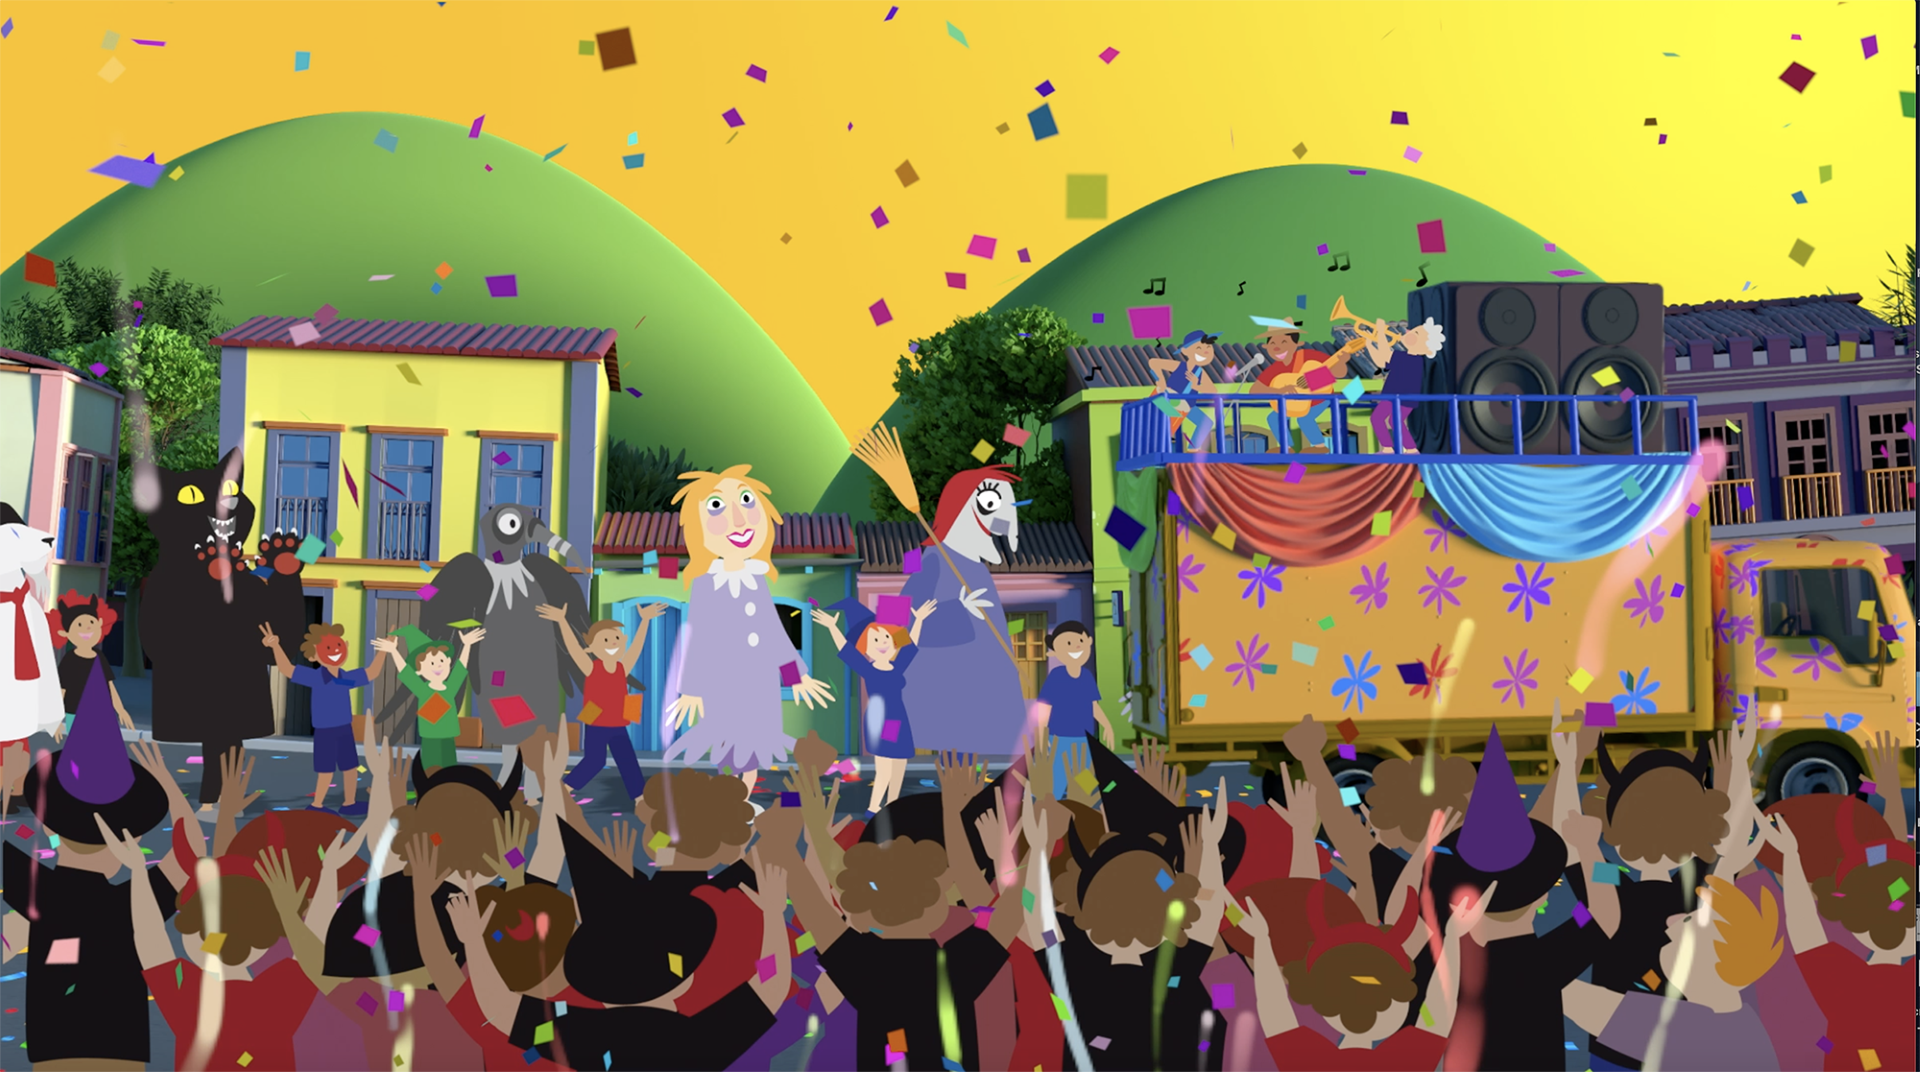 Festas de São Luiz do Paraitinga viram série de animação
_____
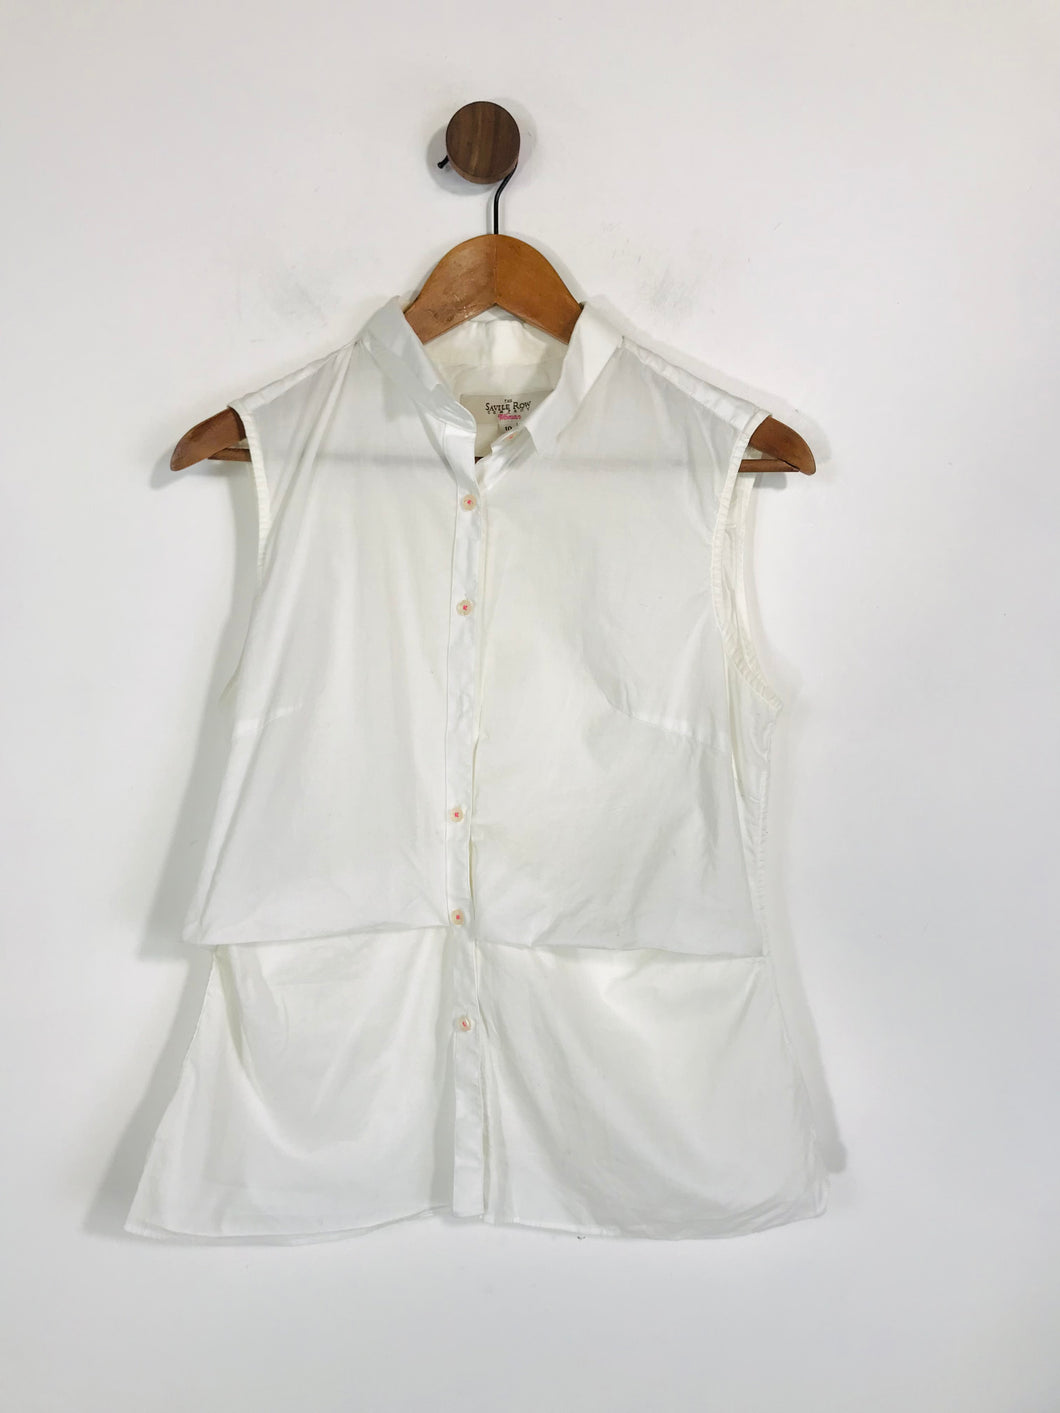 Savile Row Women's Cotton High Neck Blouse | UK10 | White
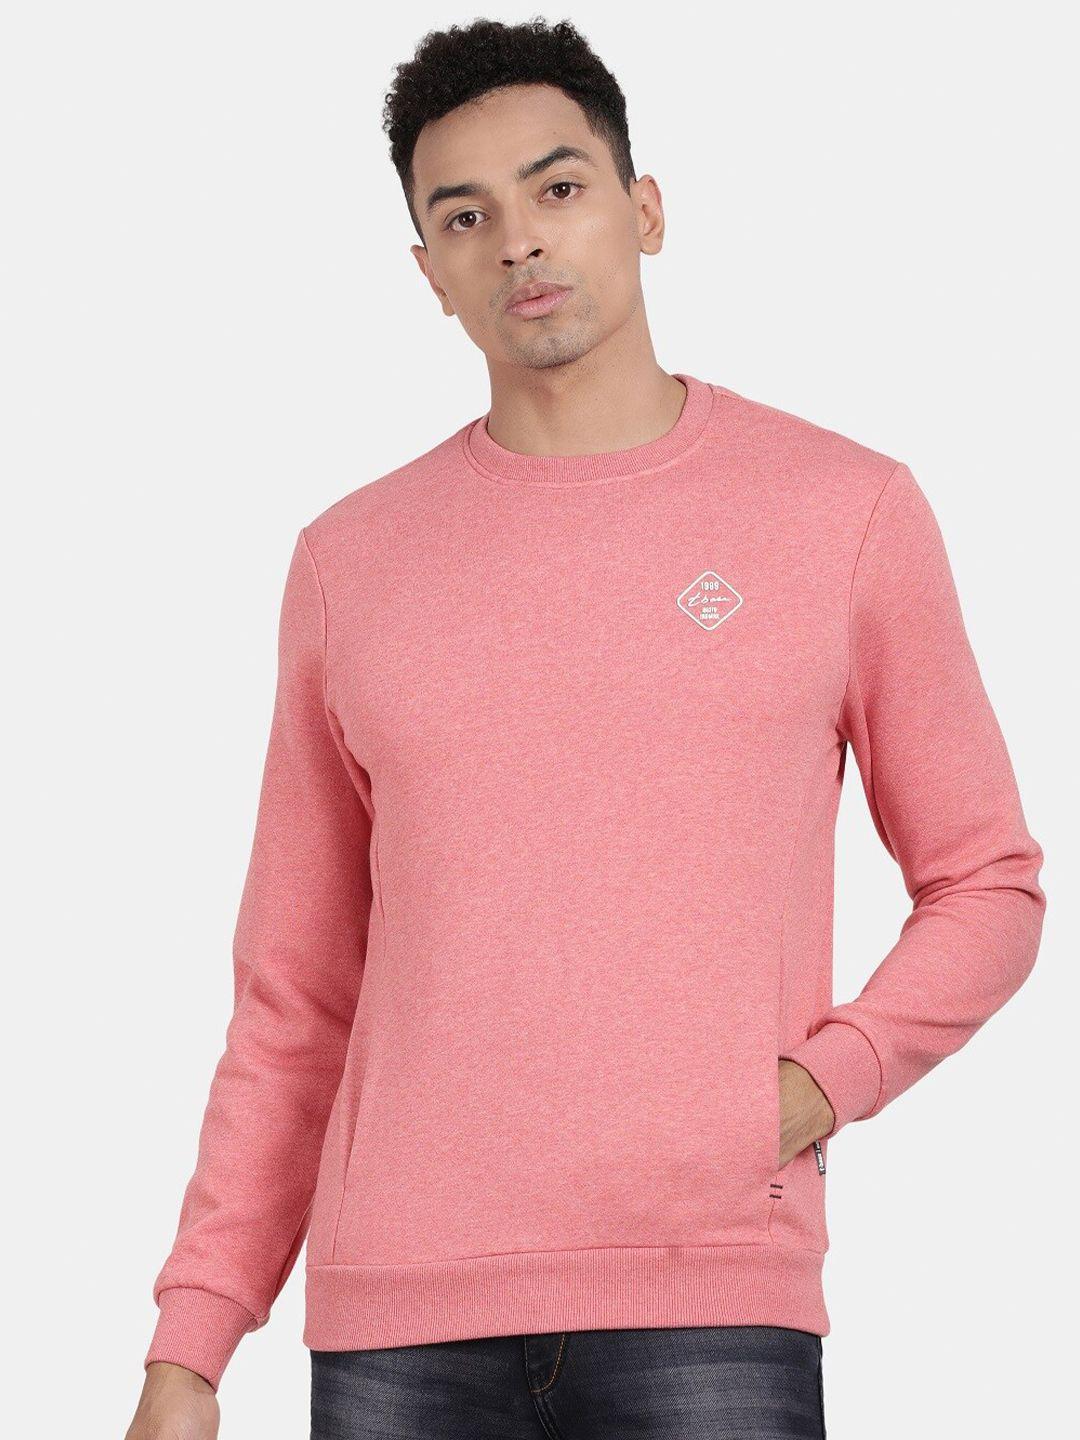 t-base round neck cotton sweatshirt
_____
→ INSTRUCTIONS FOR THE TASK
Skipping every picture, transcribe exactly the lines above from the one containing "Savile Row Women's" through the one containing "t-base round neck cotton sweatshirt", both included.

→ ANSWER FOR THE TASK
 Savile Row Women's Cotton High Neck Blouse | UK10 | White
 t-base round neck cotton sweatshirt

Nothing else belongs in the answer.